In this picture, the exception that you are getting is not the same as the first one. Are you sure that you tested the same document?

Could you please try again with this one: UglyToad.PdfPig.0.1.5-alpha001.zip

If the package doesn't work again. Could you try setting a breakpoint here and print what is the type (name) of temp.

If that doesn't work, could you try setting a breakpoint here and print what the type (name) of token

Also, from what Microsoft service is that invoice?. I tested one from a TestSubscription that I have in Azure and it seems to work. G000000000.pdf

M4nju commented 3 years ago

@InusualZ The resulting error message stays the same. The Windows with the Red X are just the visualisation of the warnings which i havent had before because i was using the release build.

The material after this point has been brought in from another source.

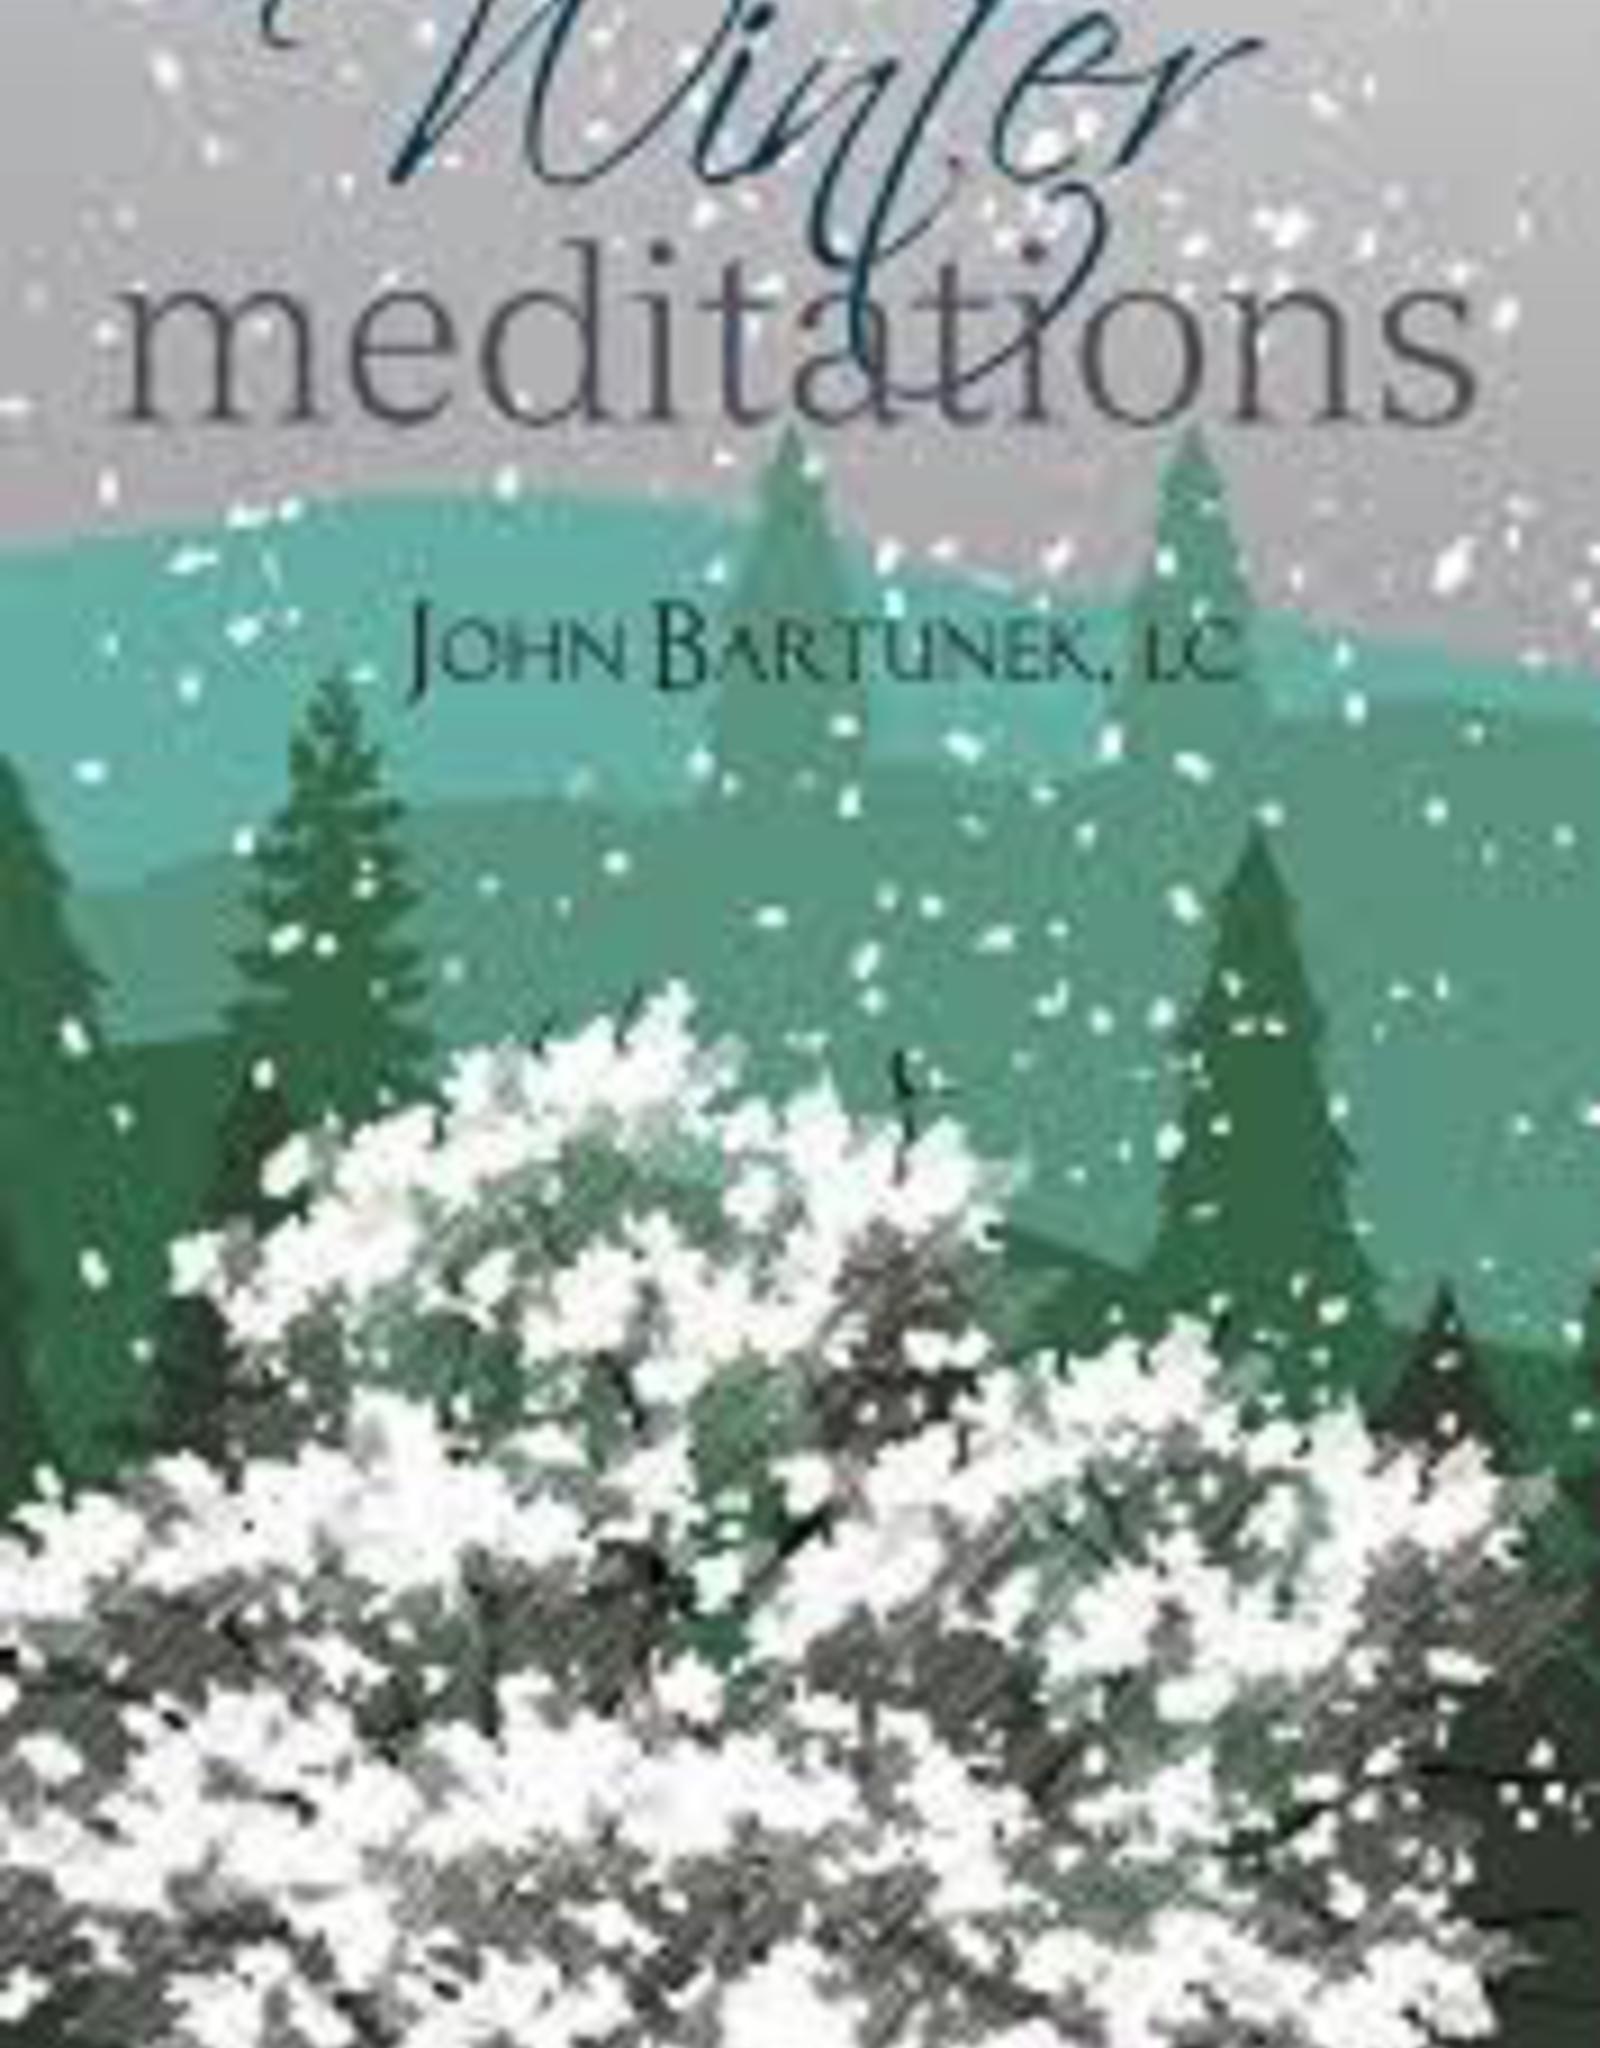 Liguori Press Winter Meditations, by Fr. John Bartunek (paperback)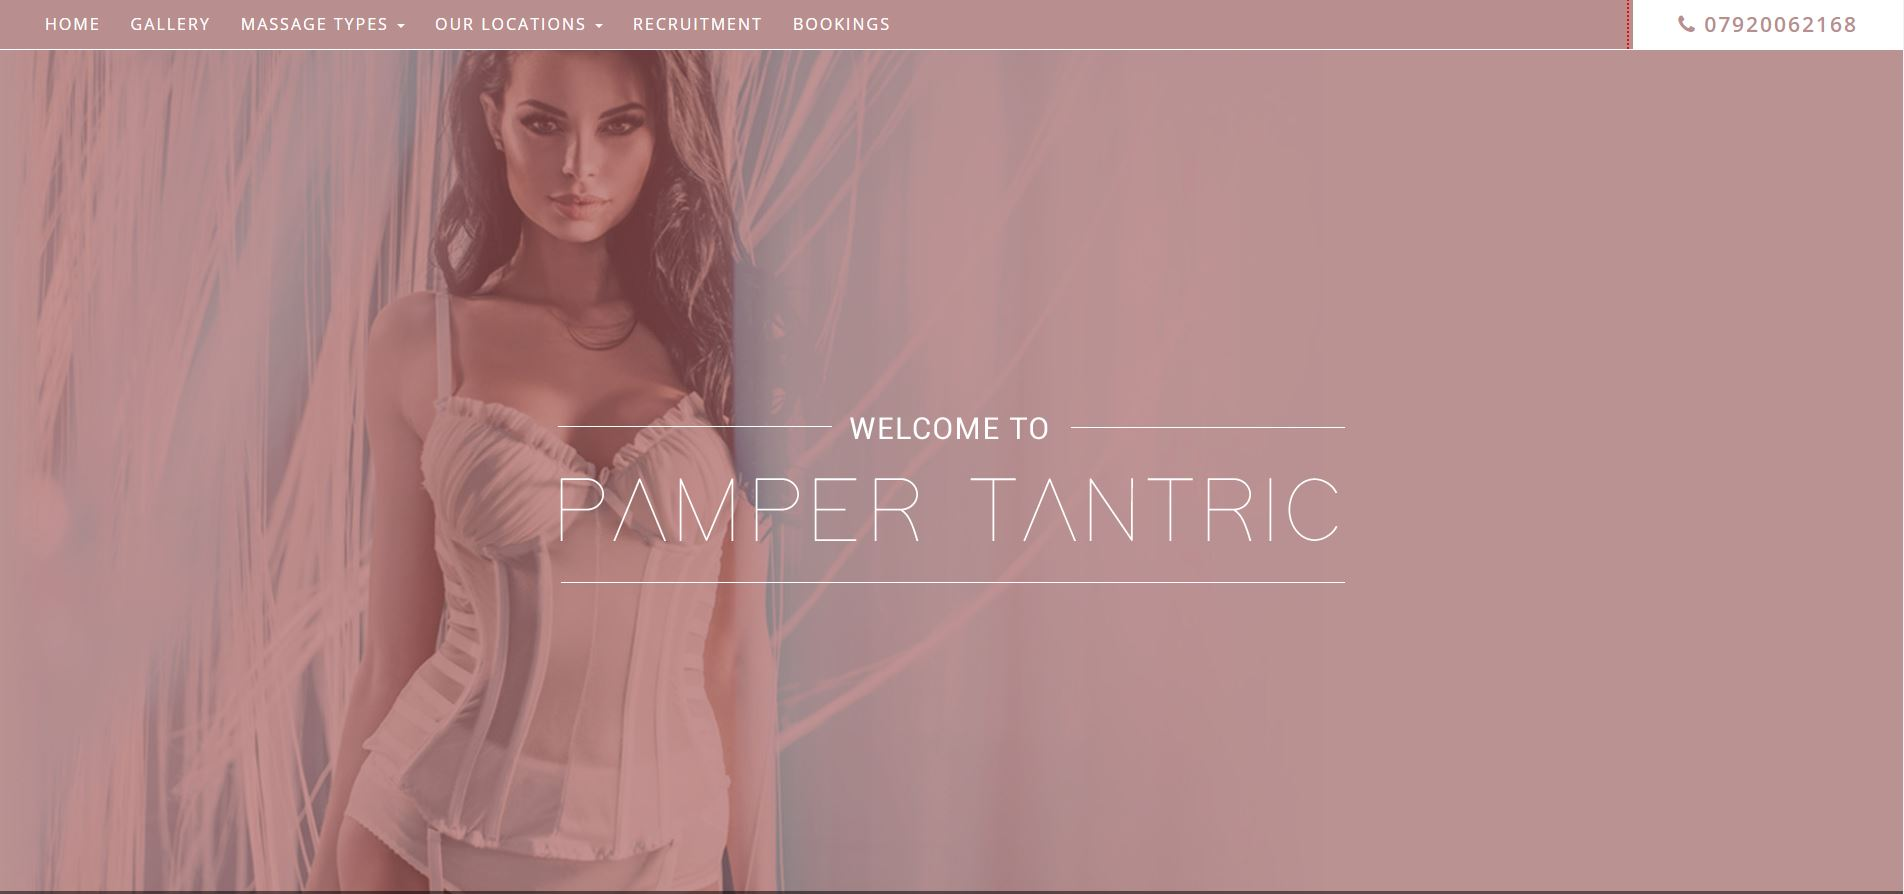 pamper tantric screenshot

The nugetpackage didnt work again because of the missing dependencies.

So i did a breakpoint and he didnt went into the Method "T Get(IToken token, IPdfTokenScanner scanner)" but instead into "T Get(IndirectReference reference, IPdfTokenScanner scanner)" where the exception was thrown.

Here the values: reference = {7 0} typeof(T).Name = "StreamToken"

M4nju commented 3 years ago

My guess is that because the stream isn't read properly he cannot find the object.

EliotJones commented 1 year ago

Too difficult to fix without a file